Another good application for these wires is operations that do a lot of out-of-position welding, like when it’s not practical to move very large parts to weld them. In these applications, there are significant productivity benefits compared to gas metal arc welding (GMAW) or MIG solid and metal-cored wires.

Characteristics of T-1 and T-9 wires
There are many characteristics of these wires that make them good general-purpose wires across a wide variety of industrial welding applications. 

• Mechanical and chemical properties: In most cases, the wires provide far above the mechanical and chemical properties needed for industrial welding.  
• Hydrogen levels: H8 low-hydrogen classifications (meaning the wire has less than 8 milliliters of hydrogen per 100 grams of weldment) are commonly available with these wires. 
• Weldability: T-1 and T-9 wire classifications are known for great weldability, making them very welder-friendly. They are extremely tolerant of varying parameters, operator technique and base material conditions, such as the ability to weld over rust and scale. 
• Arc characteristics: The wires are formulated to provide a stable arc, smooth transfer and small globule size. 
• Slag system: T-1 and T-9 wires have a thin slag that is easy to remove, which helps save time and money in post-weld cleanup. 
• Spatter levels: Low spatter levels also contribute to time saved in post-weld cleanup. 
• Bead appearance: Good bead appearance and wetting action is another highlight of these wires. 

Shielding gas for T-1 and T-9 wires
The use of an external shielding gas is required for these gas-shielded flux-cored wires as opposed to self-shielded flux-cored wires. 

Many wires in the T-1/T-9 classification can be used with either 100% carbon dioxide or an argon/CO₂ mixed shielding gas, depending on the specific wire and desired welding characteristics.
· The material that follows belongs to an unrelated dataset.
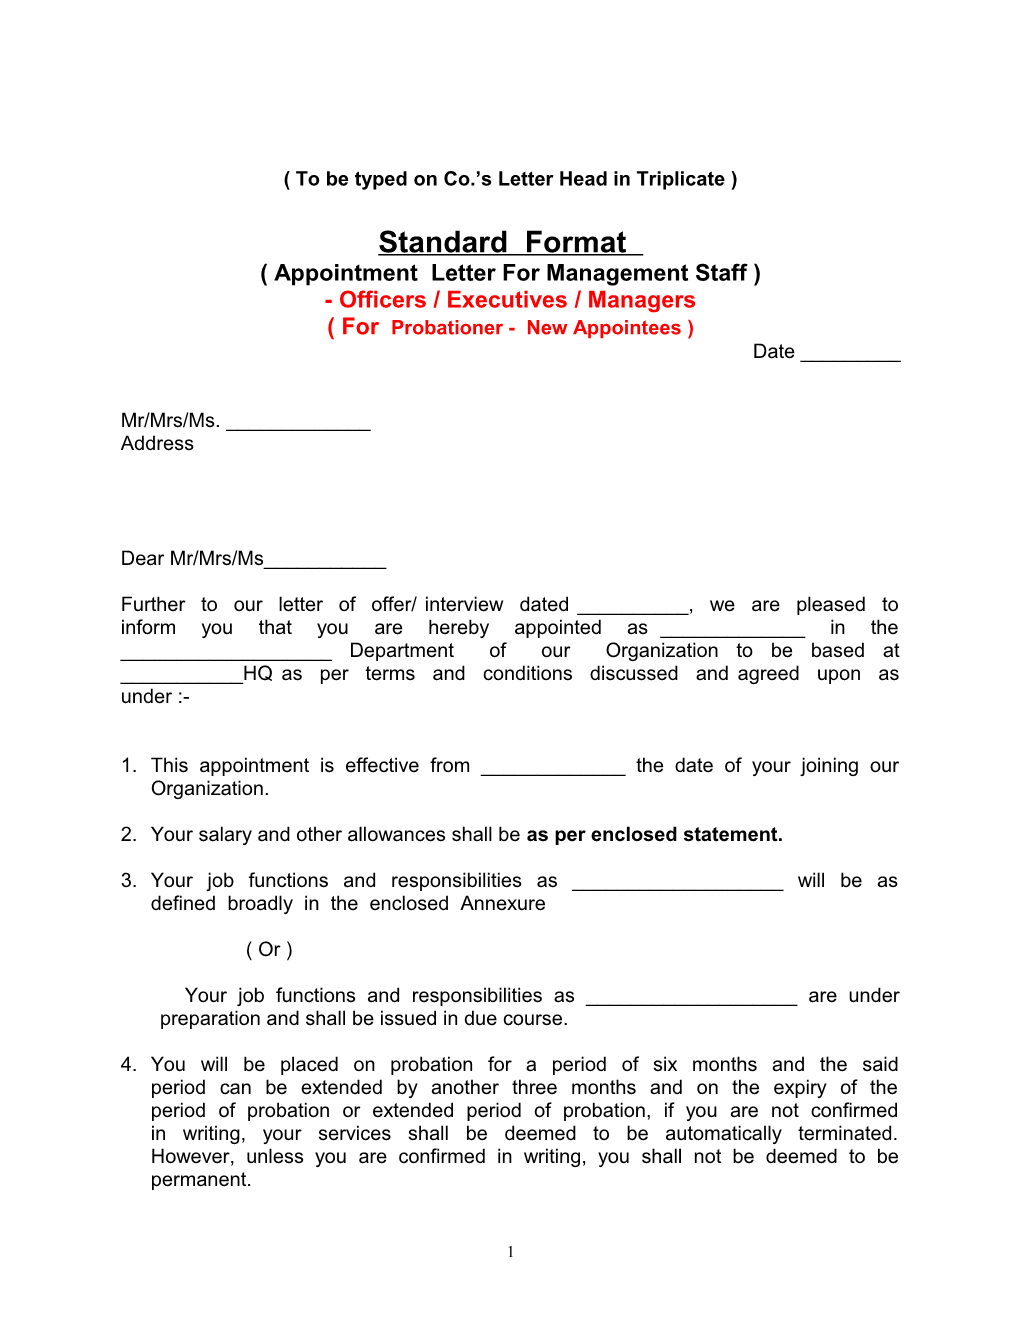 STANDARD FORMAT of APPOINTMENT LETTER for Management Staff

The AWS classification will denote a C or an M (or both) to designate the shielding gases that can be used with the wires. 
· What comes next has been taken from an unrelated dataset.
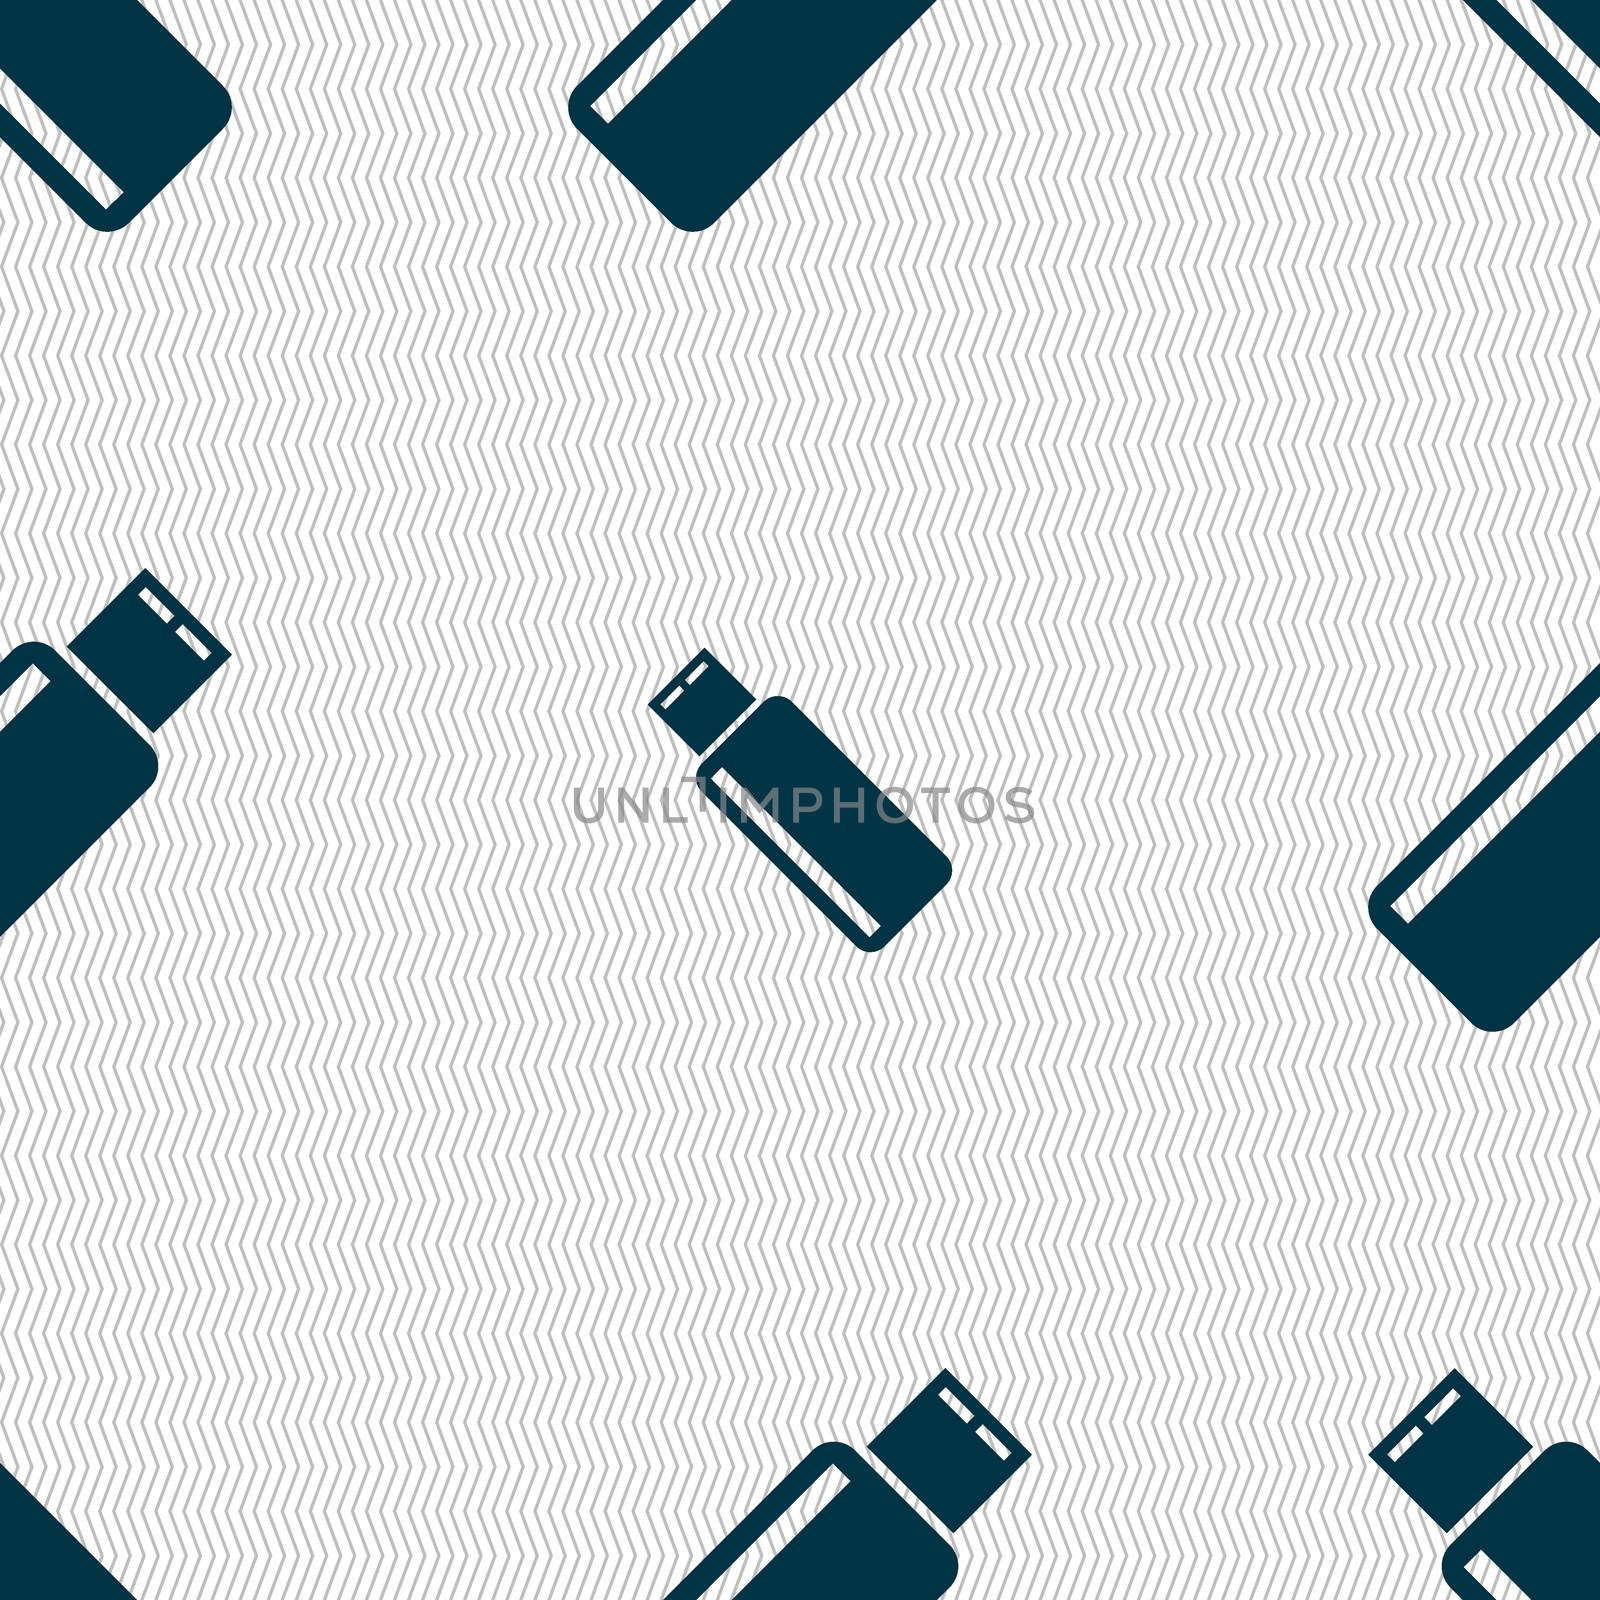 Usb sign icon. Usb flash drive stick symbol. Seamless abstract background with geometric shapes. illustration

Operators will see differences in the performance characteristics and mechanical properties of the weld depending on which gas they use, and there are pros and cons to both gas options. 
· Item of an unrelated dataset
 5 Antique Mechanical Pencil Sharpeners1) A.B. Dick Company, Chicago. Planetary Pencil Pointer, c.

Using a 100% carbon dioxide gas typically provides greater penetration, but it can also result in more spatter, a more erratic arc and welds with a lower tensile strength and higher ductility. In comparison, using an argon/CO₂ gas blend offers less spatter, a very stable arc, and a weld with higher tensile strength and lower ductility, but it also delivers less penetration. Although the typical mechanical properties of the wires will differ depending on the shielding gas that is used, if a wire is classified to be used with both C (100% CO₂) and M (argon/CO₂ mix), the product will meet or exceed all requirements of its classification.

Recommended techniques
While the wires are very tolerant of variances in operator technique or welding parameters, there are a few best practices that can help optimize results when welding with T-1 and T-9 wire classifications. 

One of the biggest tips is to use a drag technique with a slag-producing wire, rather than using a push technique (as with a GMAW or MIG wire). 

In addition, a slightly longer stickout should be used than what is used with solid wire MIG welding. Generally, arc characteristics deteriorate with a longer stickout, and the arc will start to become unstable. But flux-cored wires can tolerate a longer stickout and still maintain their arc characteristics. 

Maximize versatility with T-1 and T-9 wires
Wires under the T-1 and T-9 classification provide excellent weldability, low spatter and nice bead appearance. In addition to these characteristics, the wires have wide operating windows and are more tolerant to the operator’s technique, which can help manufacturers improve the productivity and quality of less-experienced welders. 

T-1 and T-9 wires are often a good option in general manufacturing applications that don’t require extreme toughness or other mechanical properties. It’s important to understand the characteristics of a wire and when it performs best to choose the right option for a specific welding application.